Answer with the exact lines of the following material from the one containing "Ein Blick auf" through the one containing "Sex Kitten Round Up Nov 27", both end lines included.
Top of Available records
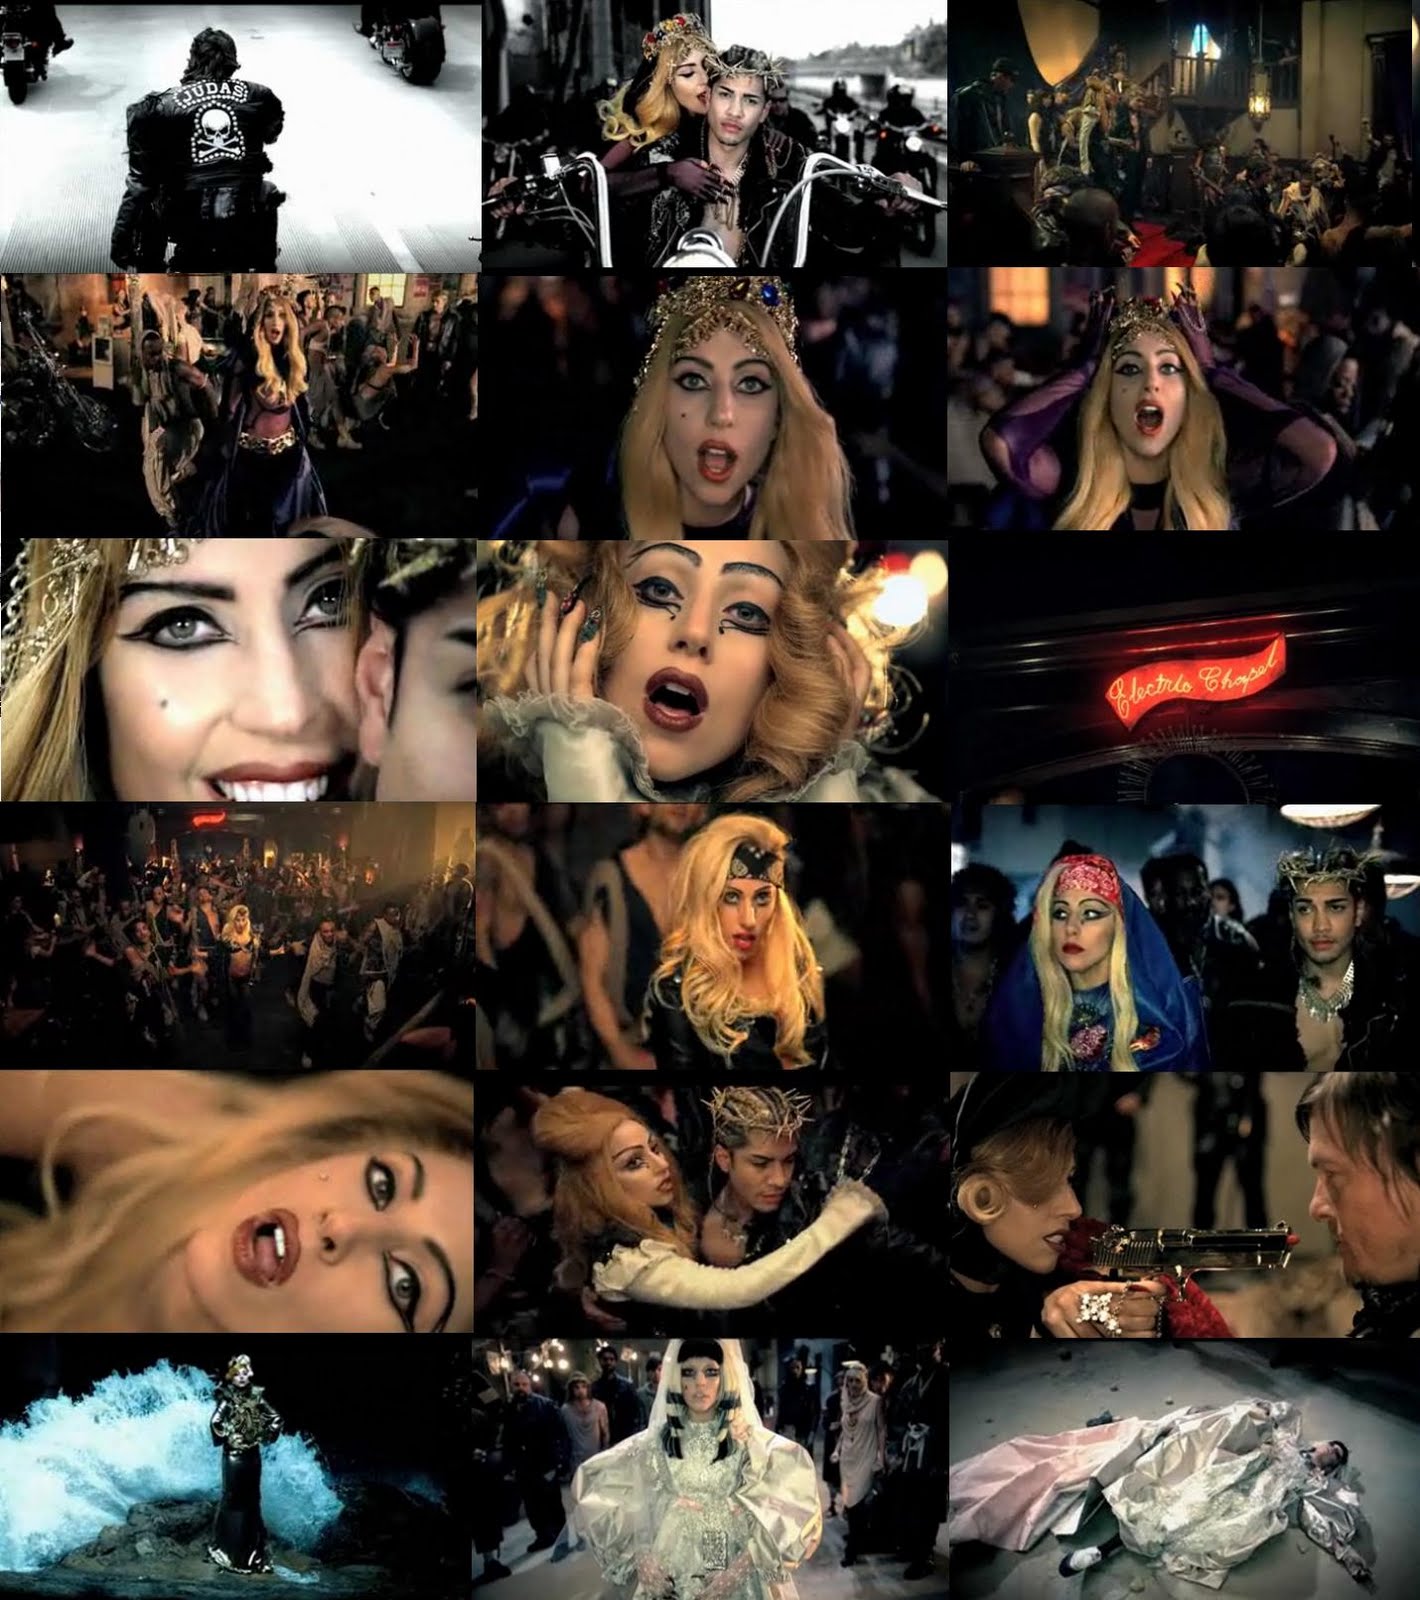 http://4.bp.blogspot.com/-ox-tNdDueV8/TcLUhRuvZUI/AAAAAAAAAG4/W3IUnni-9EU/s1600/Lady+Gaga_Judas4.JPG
Bottom of Available records
Top of Available records
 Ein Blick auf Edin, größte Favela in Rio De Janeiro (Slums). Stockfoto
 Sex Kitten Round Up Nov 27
Bottom of Available records
Top of Available records
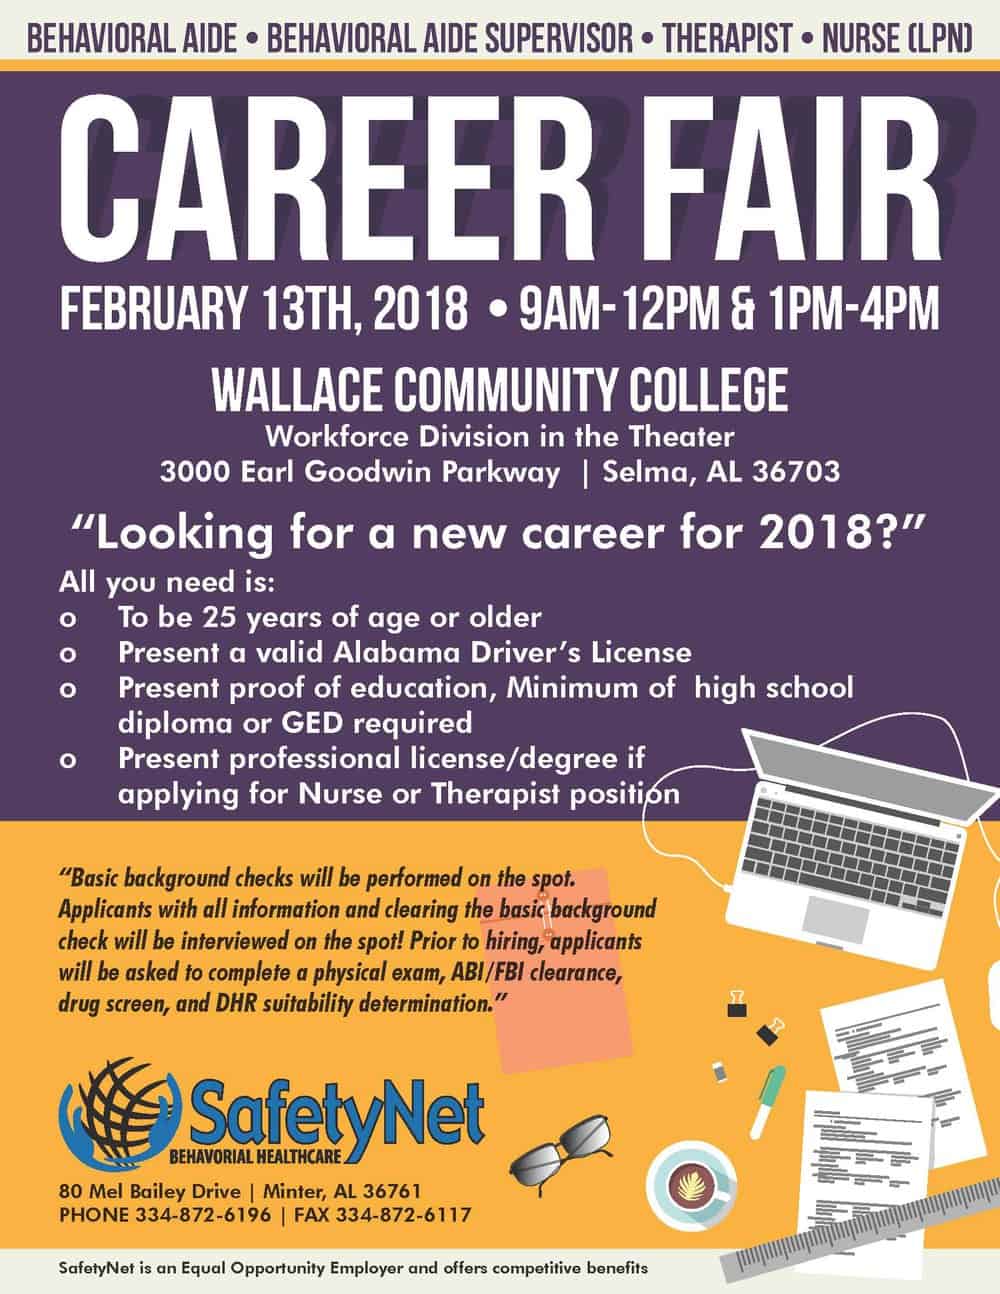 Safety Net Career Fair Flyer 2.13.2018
Bottom of Available records
- [Answer]
 Ein Blick auf Edin, größte Favela in Rio De Janeiro (Slums). Stockfoto
 Sex Kitten Round Up Nov 27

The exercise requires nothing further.